Branding Yourself As An Artist

I went to a wise man whose work I admire and said, “Sir I like the way you brand your work.“ He smiled and told me to sit down so he could explain a few concepts. I was ready to learn so I sat down in the presence of this king as he began to speak.

“I do not brand my work, my work brands me,” He said as he nodded his head as if to agree with his own words.

Was he trying to sound complicated or there was really a deeper meaning to what he said? The logos, posters, taglines looked like pre-meditated branding to me. I asked him to explain and after 90 minutes of his tutelage I had learnt things that would seem obvious but are ignored. What he was saying is that the consistent brand colors and tagline attached to his work were not entirely his brand but rather, living up to what they represented was the brand.

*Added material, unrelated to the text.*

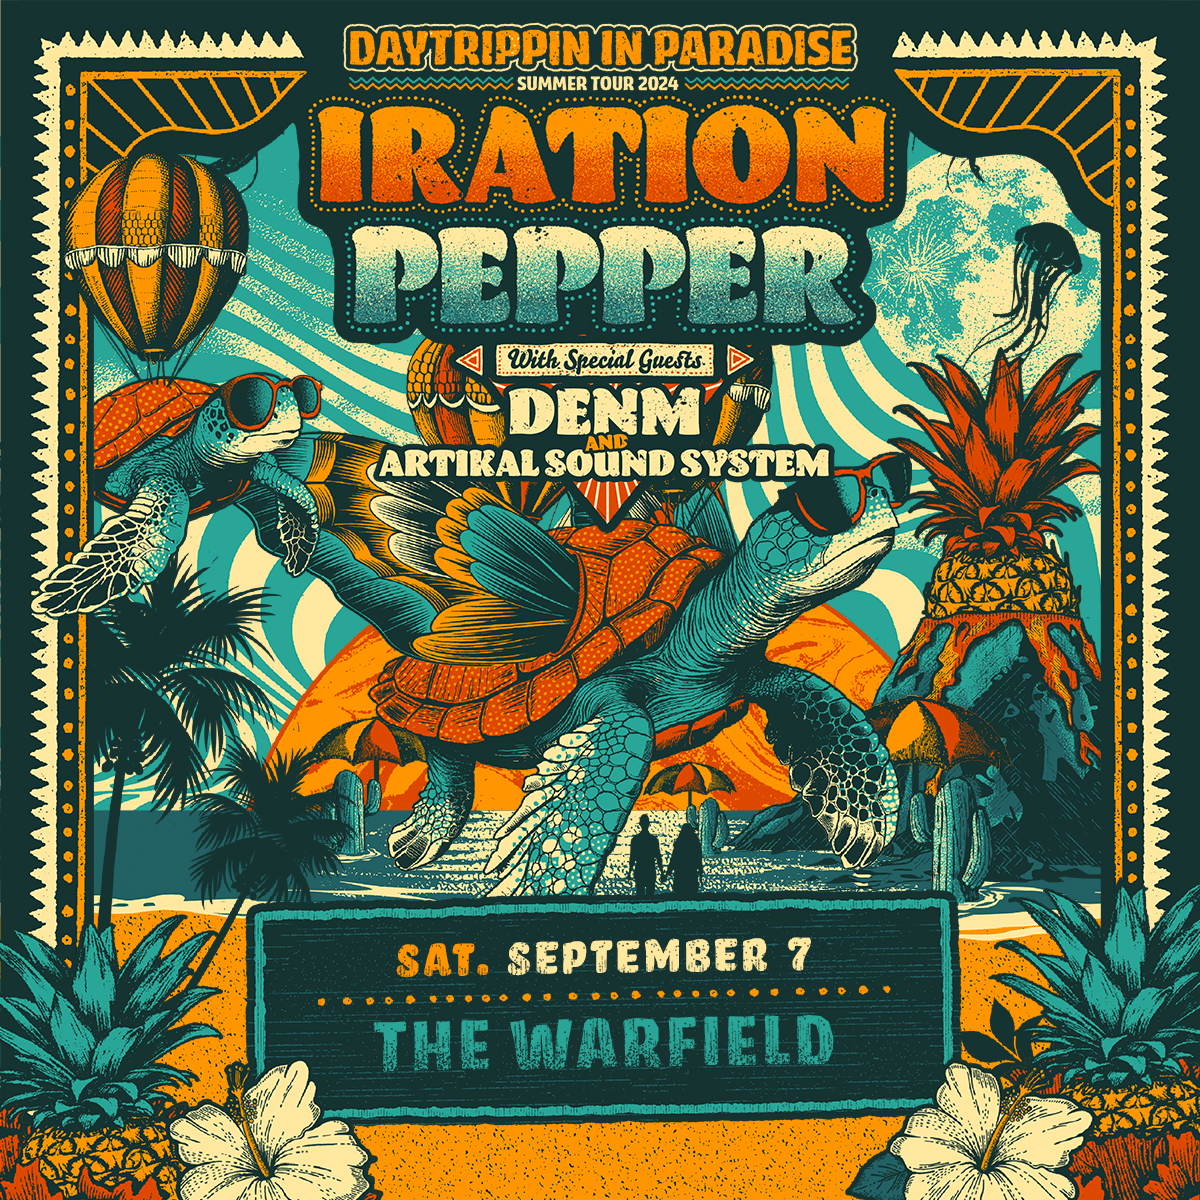 we've decided summer's never ending with @Iration & @PepperLive hitting The Bay on Sept. 7 🌞🍃 presale - wednesday 3.27 on sale - thursday 3.28 🎟 bit.ly/IrationSF

How do I apply this to art? The cover art, the tag lines and hashtags mean nothing until you work. This is why sometimes we’ve seen some artists pay for features with some of the biggest artists but have remained small. The songs didn’t get mileage. A feature with Tehn Diamond will not work if you wont. The best cover art will only help till people realize that your music is sugar coated pooh.

wpid-new-me.jpg“I do not brand my work, my work brands me,” He said as he nodded his head as if to agree with his own words.

How does your work brand you and where do the logos come in? The taglines and logos are just representing the work you’ve done in being organized. Organization plays a good part in putting out the real brand, the real work that you have done. Organization involves setting your objectives and targets after analyzing the given situation. However it should not veer your attention from the real work you want to put out. There is a problem when the hash tag has more weight than the song it’s pushing. I have fallen into this a lot of times. I created hype around something yet the time taken on it was little. The result is death of a brand; next time you have something out people expect it’s overhyped again.

Now when you create good content, you do not have to beg people to re-share it. They will feel compelled to share it with like minds. Now the logos and hash tags on it only create a signature of where it’s coming from so that people know where to find more or be able to identify it’s your work next time. For example Nas has this unmistakable N. But Illmatic lyricism is his brand and not the N. Dope lyricism is what he is identified with. I do not want to be remembered for the #Provokatif hash tag I want to be remembered for the type of work or one-liners it’s a signature of. That wise man really gave me a lot of insight in this subject.

He meant work in a broad context as well…

“I do not brand my work, my work brands me,” He said as he nodded his head as if to agree with his own words.

He just had to agree with his own words. I realized even a Benz is known for its performance rather than its logo. When you watch Top Gear they are not going on and on about the BMW logo, they are talking about its performance and the things that make it help the customer of a BMW.

If your work does not yet fulfill the needs of your target market you’re far from the point. If your party song doesn’t make people dance or is generic, you have moved from the main objective. I don’t care how many hash tags and news sites talk about its release, when the first download comes in and a disappointed fan says it’s crap on his wall, game over. All your weeks of overhyping that work are destroyed to his friend circles because they will not rush to download it anymore.

On the contrary a good share with more re-endorsement of good work will lead it to more downloads, in fact the download count will rise exponentially. Until then this is my manifesto…

“I do not brand my work, my work brands me,” I said as I nodded my head as to agree with myself.